More than half of the center clients were single (58.02%) followed by married (25.50%), 9.15% had live-in partners and 6.08% were separated prior to rehabilitation.

As to educational attainment, 890 or 30.06% have reached high school level while 794 or 26.82% were able to reach college level.

With regard to the status of employment, 35.97% were unemployed and 18.95% were either skilled or unskilled workers prior to their stay in the centers. Their average monthly family income is Php 16,290.80.


 

REPORTED CASES BY GENDER
(Facility - Based)
CY 2009

                                                   MALE             FEMALE       GRAND TOTAL
TYPE OF ADMISSION NO. % NO. % NO. %
NEW ADMISSIONS 1,799 60.76 214 7.23 2,013 67.98
READMISSIONS 458 15.47 30 1.01 488 16.48
OUT - PATIENT 425 14.35 35 1.18 460 15.54
T O T A L 2,682 90.58 279 9.42 2,961 100.00

* Total Reported Cases from Residential and Out-Patient Facilities

CY 2009 ANALYSIS

For the year 2009, a total of 2,961 cases were reported by the different rehabilitation facilities nationwide.
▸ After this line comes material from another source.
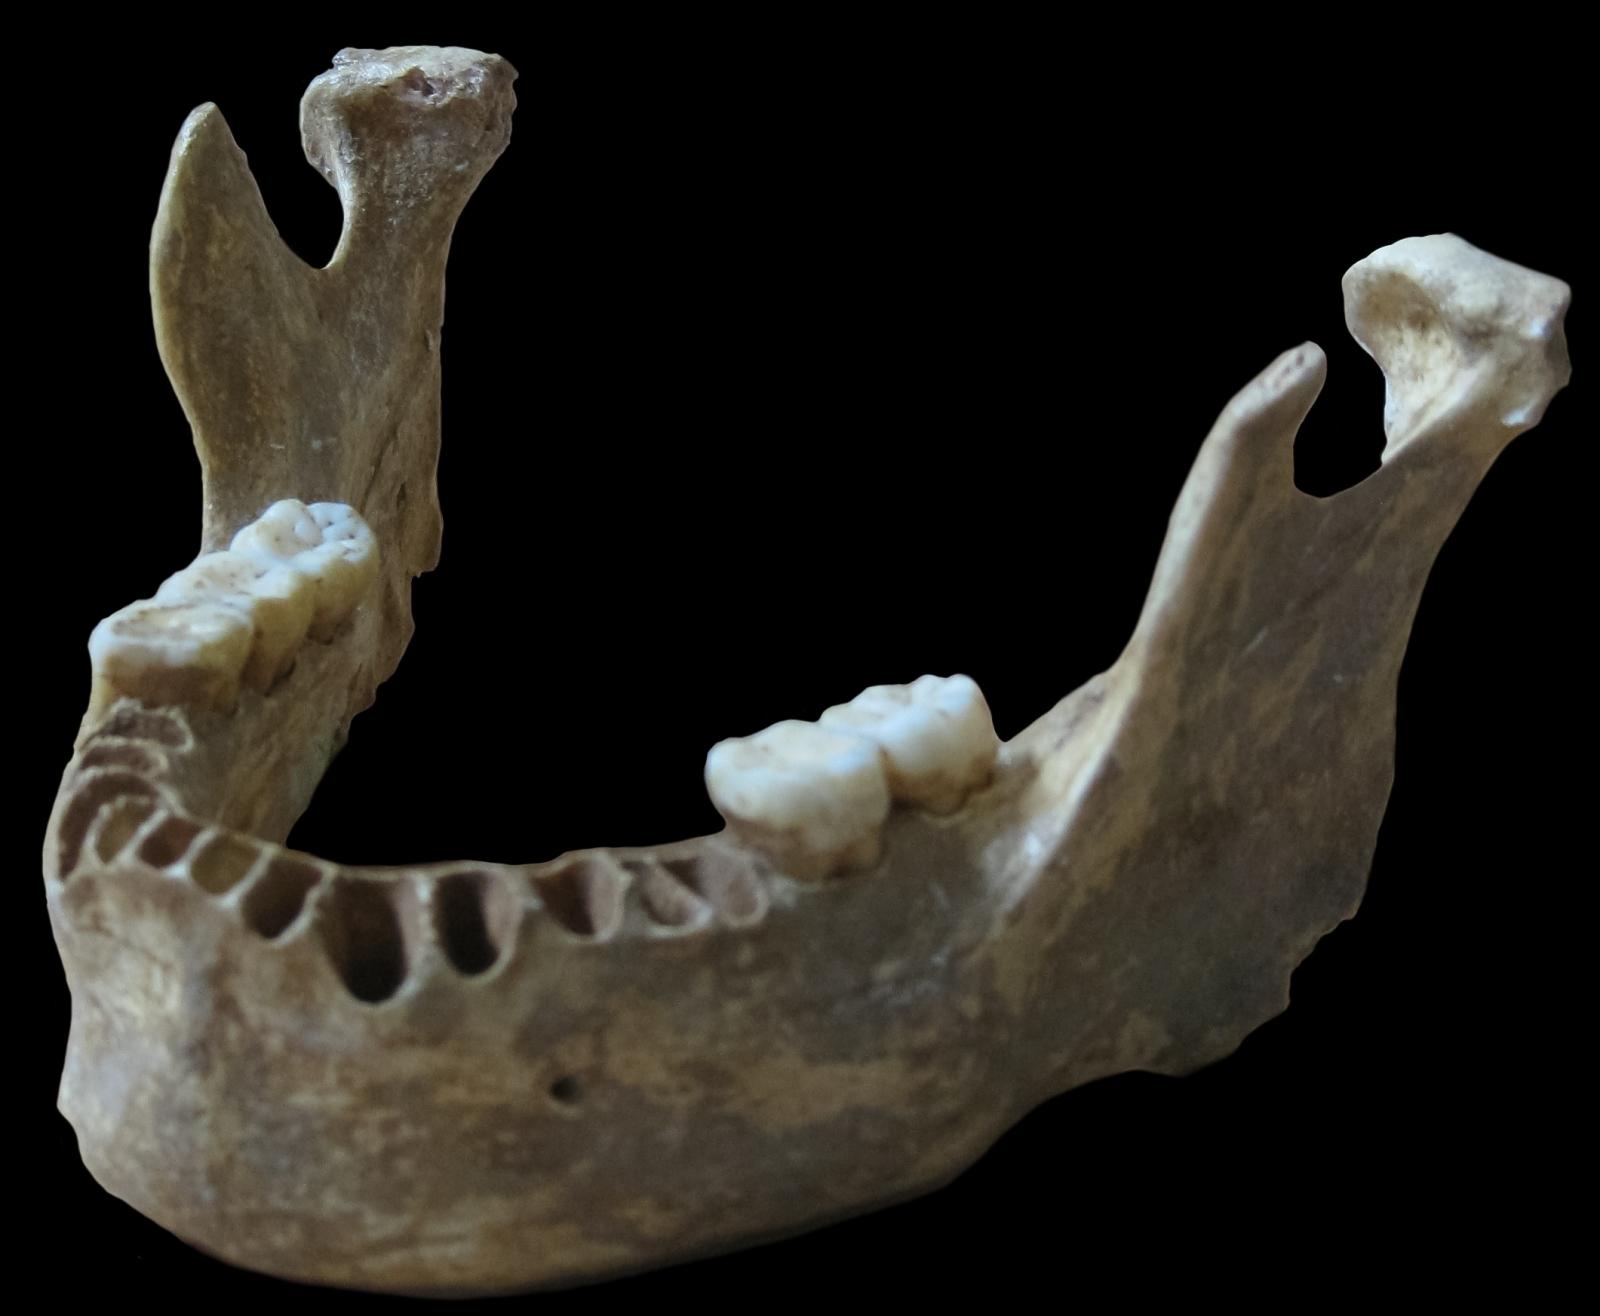 Neanderthal jaw bone

Of this number, 67.98% or 2,013 were new admission, 16.48% or 488 were relapse cases and 15.54% or 460 were referrals from outpatient facilities.
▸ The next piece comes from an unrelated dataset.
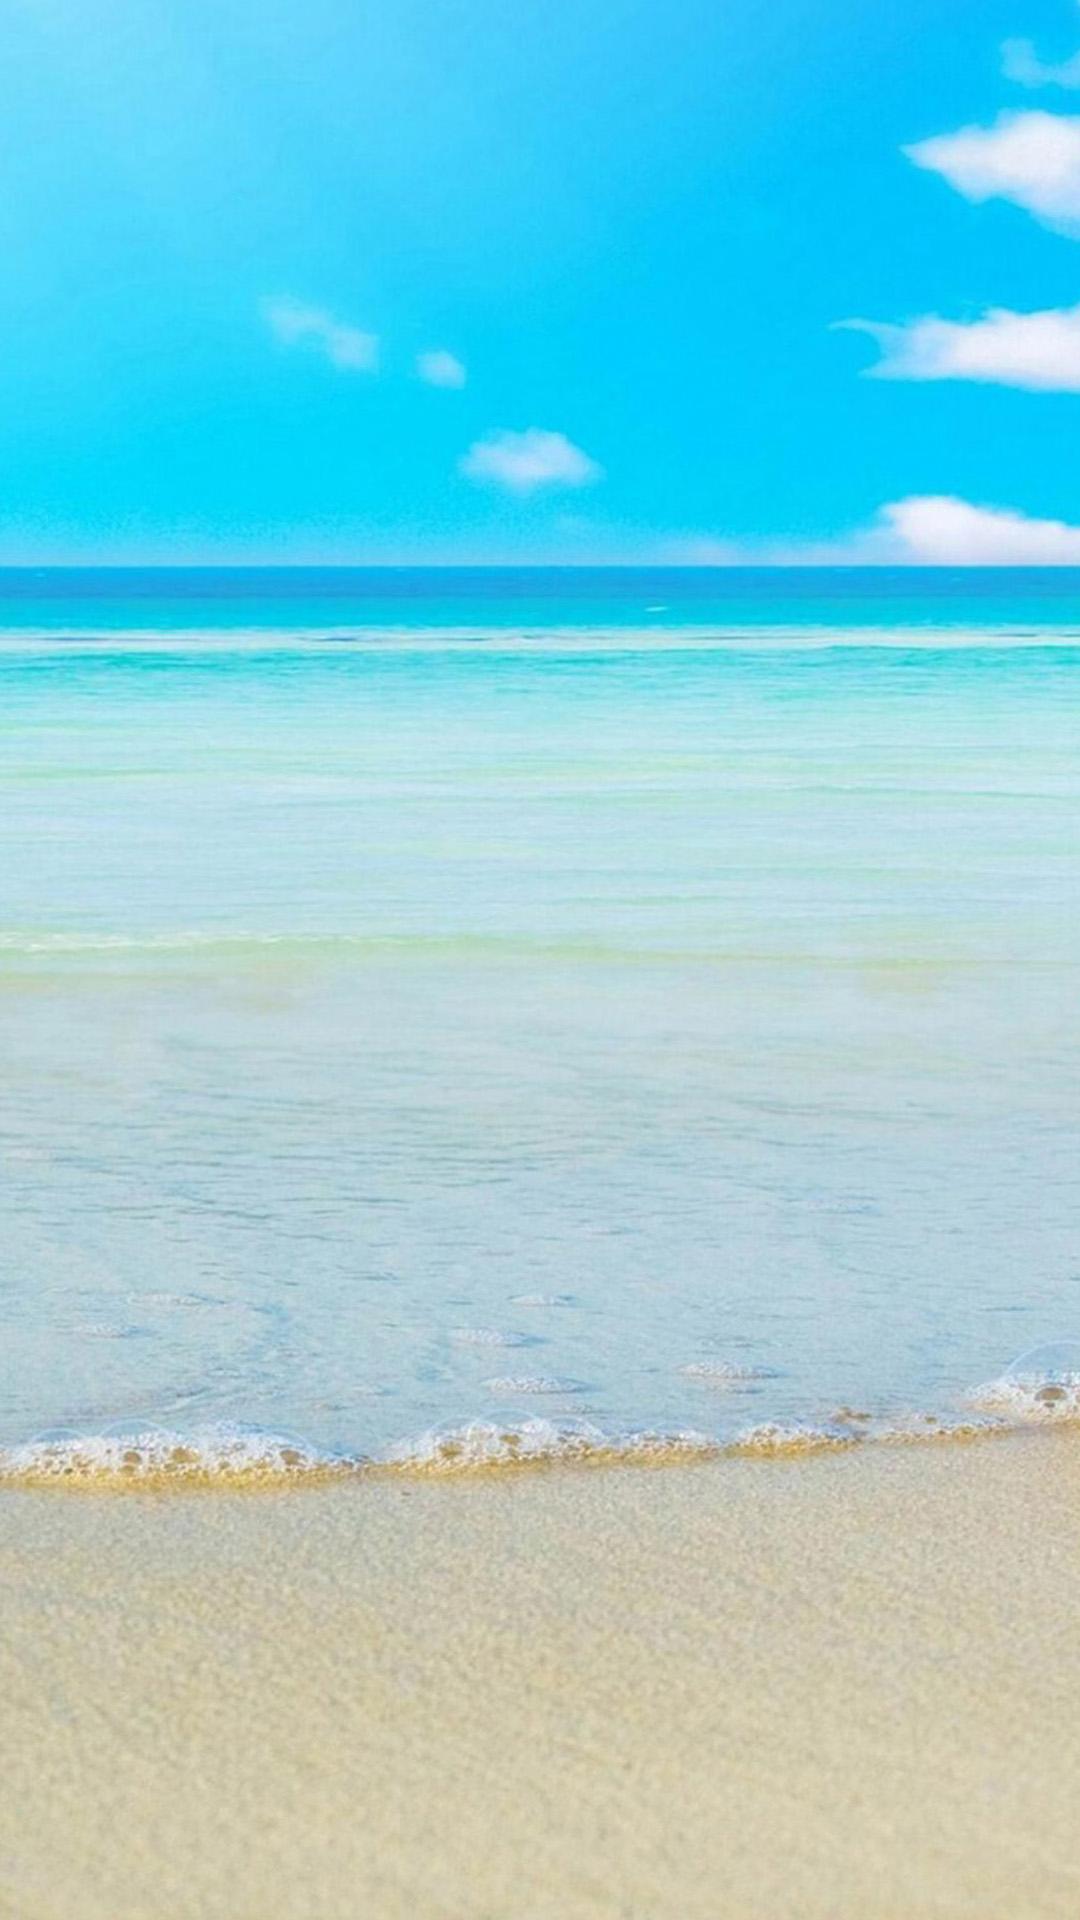 Free Download Calm Ocean Beach Htc One M8 Wallpaper Htc One M8

A downward trend can be seen since 2006.  The decline maybe attributed to the following:  People cannot afford the cost of treatment; there is misconception on what goes on inside treatment and rehabilitation facilities, and the stereotype “denial syndrome” common among drug dependents, where they insist that they are in control of their drug-taking behavior and that there is no need for them to undergo any form of treatment. Another reason for the decline can be credited to the relentless efforts of the government to eradicate the drug problem as supported by the data on the increased operations conducted and the development and implementation of preventive education programs for different target groups.


 

MOST COMMONLY USED/ABUSED DRUGS/SUBSTANCES
(Facility Based)
CY 2009

DRUGS USED / ABUSED NEW ADMISSIONS RE-ADMISSIONS OUT-PATIENT GRAND TOTAL % based on the total number of responses (3,908) % based on the total number of admissions (2,961)
1. Methamphetamine Hydrochloride(Shabu) 1,284 394 214 1,892 48.41 63.90
2. Cannabis (Marijuana) 875 211 291 1,377 35.24 46.50
3. Inhalants (Contact Cement Ex.: Rugby) 195 25 60 280 7.16 9.46
4. Benzodiazepines 87 33 8 128 3.28 4.32
5. Nalbuphine Hydrochloride (Nubain) 43 4   47 1.20 1.59
6. MDMA (Ecstasy) 36 9 2 47 1.20 1.59
7. Cocaine 29 14 1 44 1.13 1.49
8. Cough / Cold Preparations 19 4 2 25 0.64 0.84
9. Ketamine 9 2   11 0.28 0.37
10. Solvent 4 6 1 11 0.28 0.37

* Total Reported Cases from Residential and Out-Patient Facilities

Methamphetamine Hydrochloride commonly known as “Shabu” is still the most drug of abuse with 1,892 cases, followed by Cannabis or Marijuana with 1,377 cases.  Abuse of Contact Cement like rugby with 280 cases was also noted.  The nature of drug taking remained to be poly-drug use.

The routes of administration are inhalation/sniffing and oral ingestion.